Required action
In the records below, repeat exactly the lines between the line holding "Onkyo HT-S4100 instruction" and the line holding "Inexpensive motorcycle insurance", inclusive, and drop the pictures.

Exercise data
+-------+

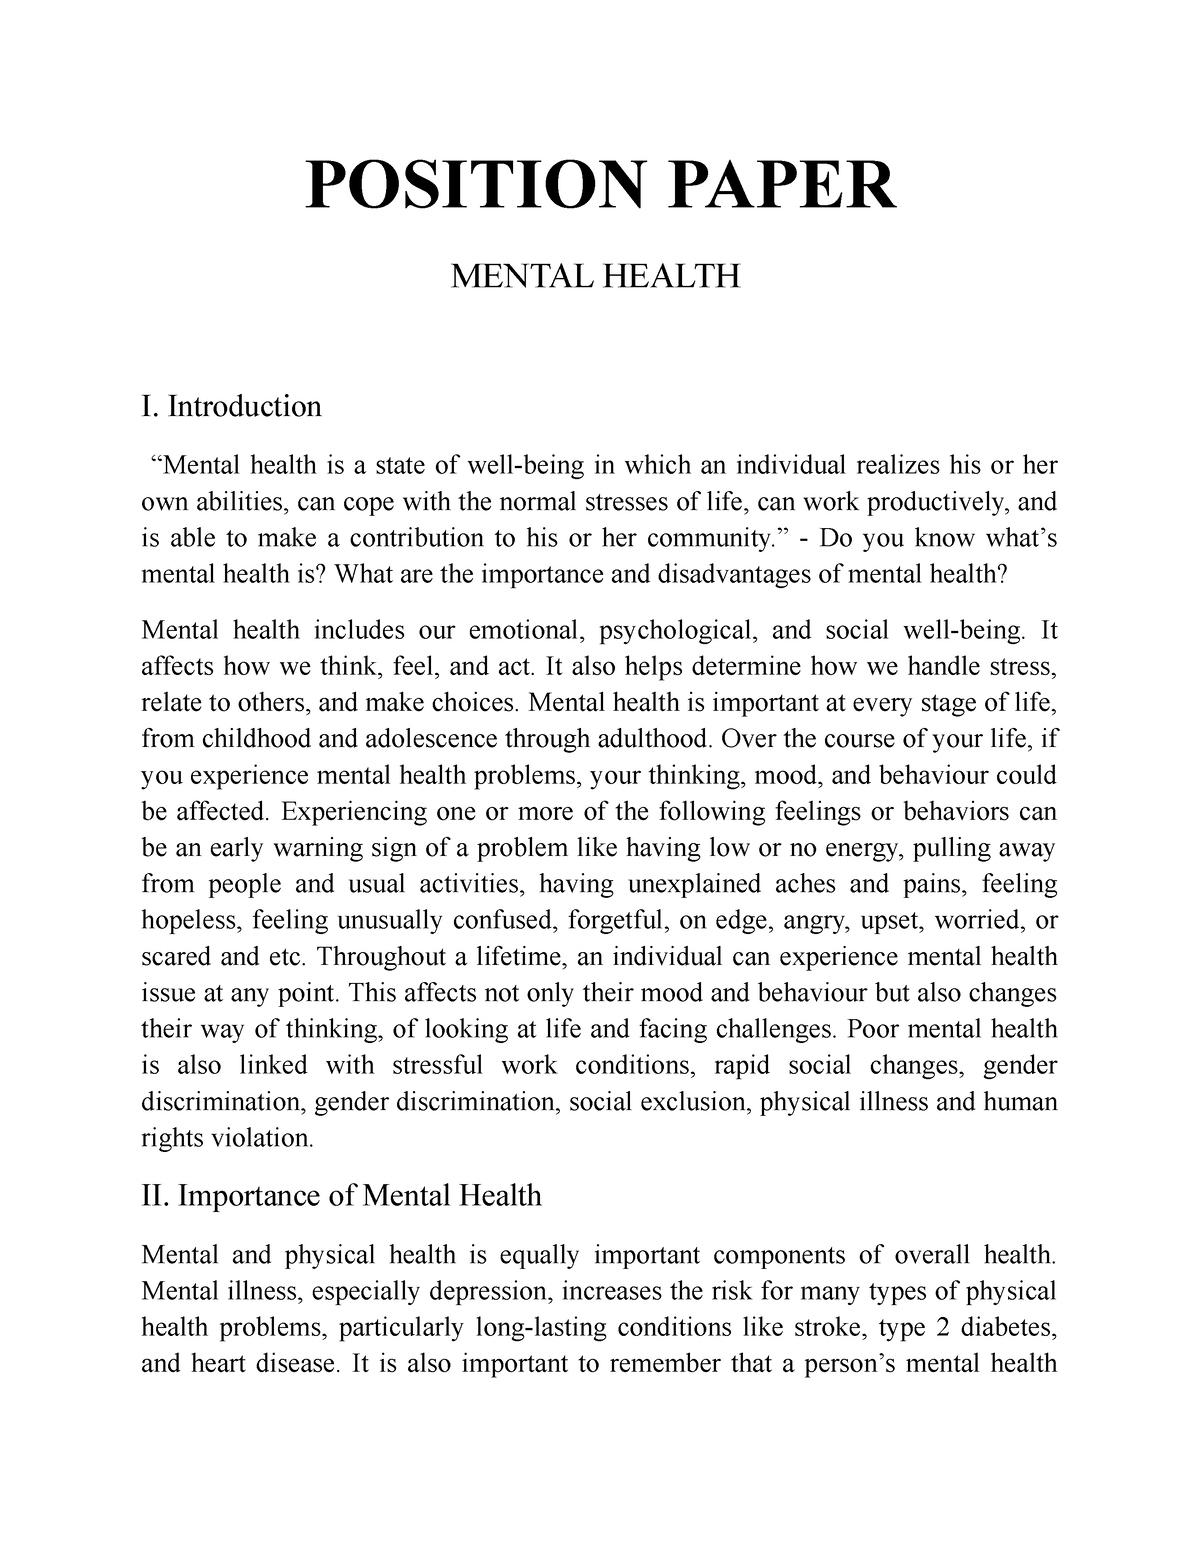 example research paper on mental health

+-------+

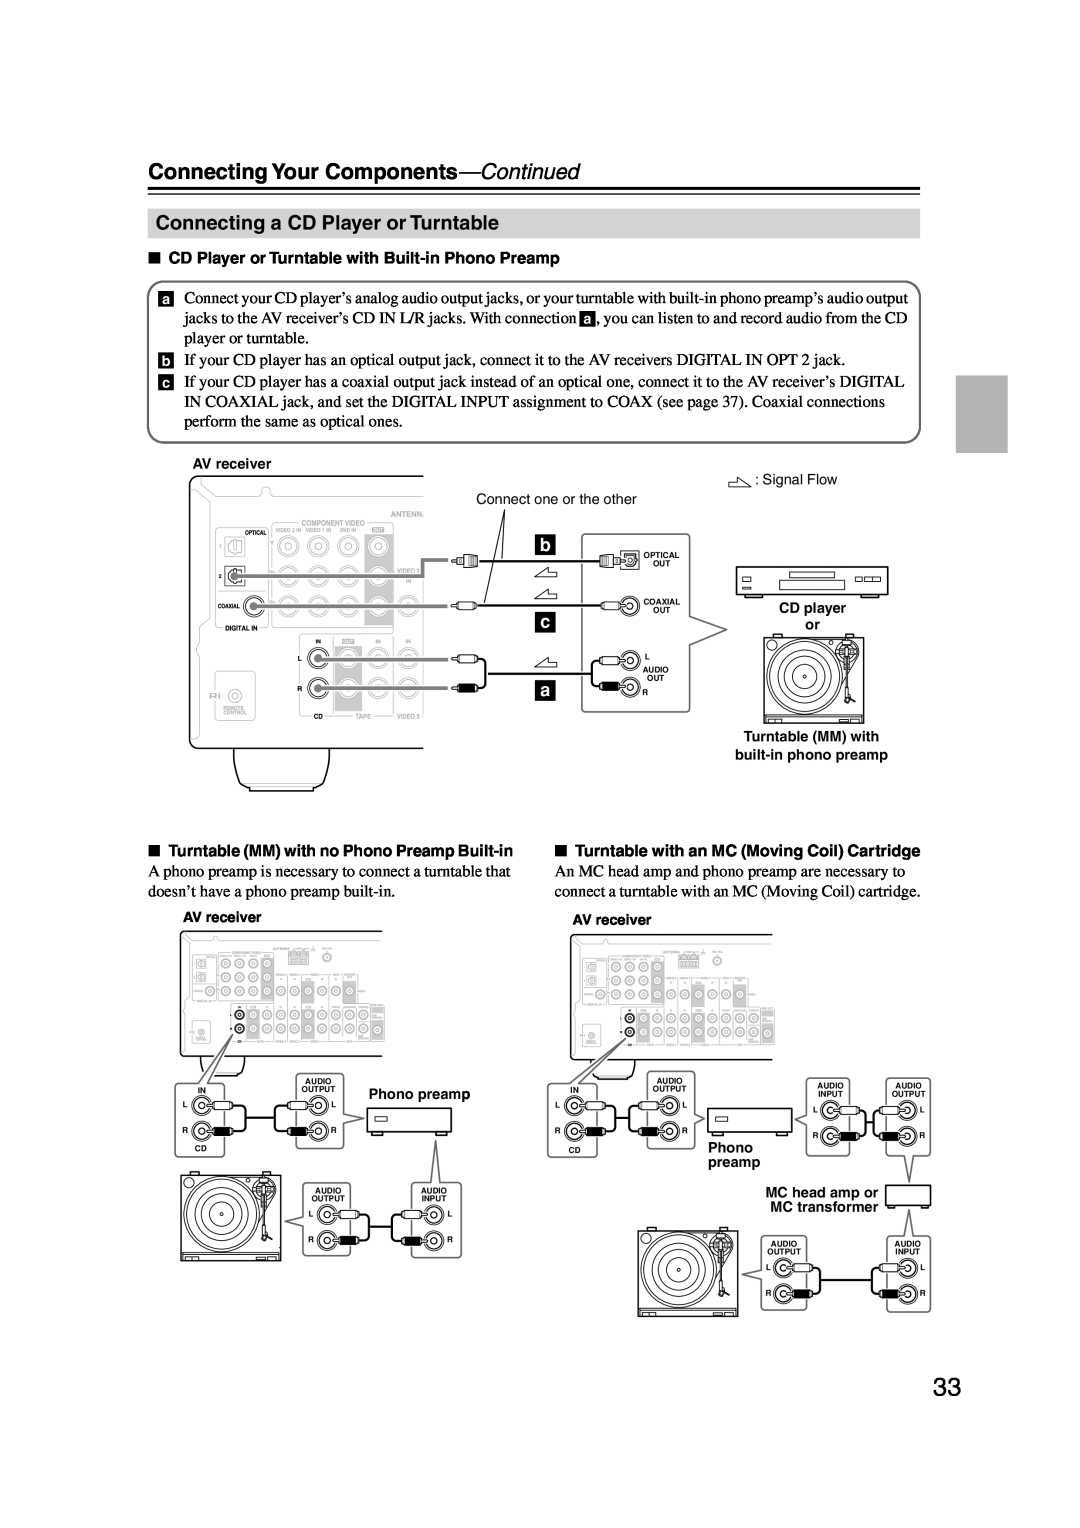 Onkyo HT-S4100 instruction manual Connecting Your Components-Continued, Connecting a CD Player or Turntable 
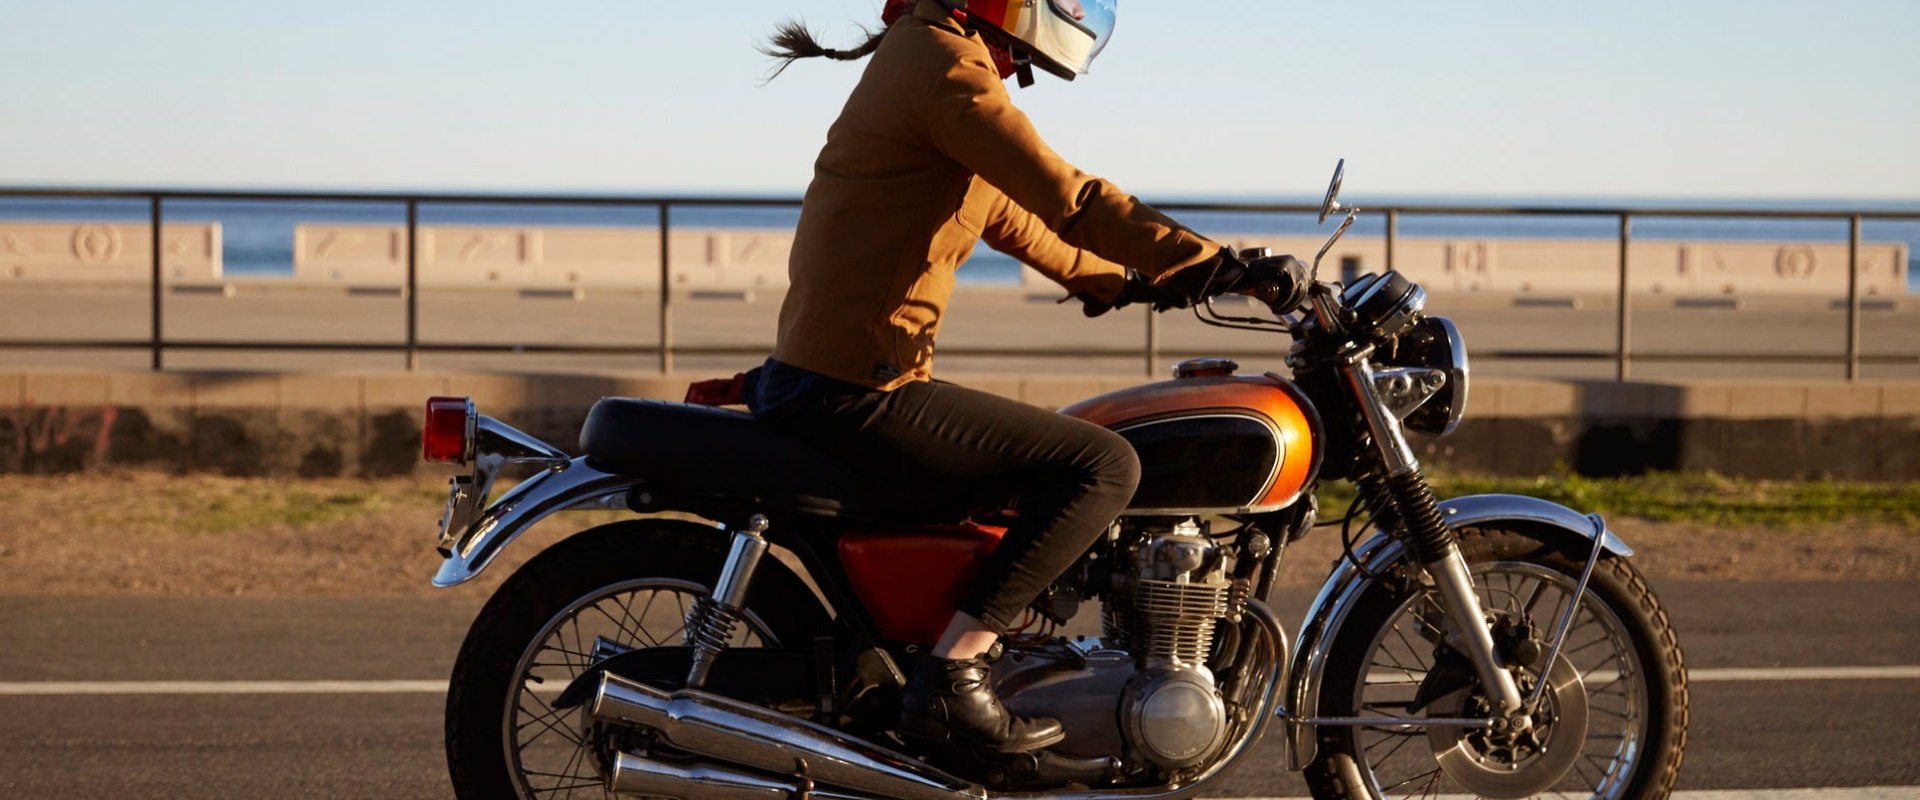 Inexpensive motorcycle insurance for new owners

+-------+

Solution to this task
 Onkyo HT-S4100 instruction manual Connecting Your Components-Continued, Connecting a CD Player or Turntable 
 Inexpensive motorcycle insurance for new owners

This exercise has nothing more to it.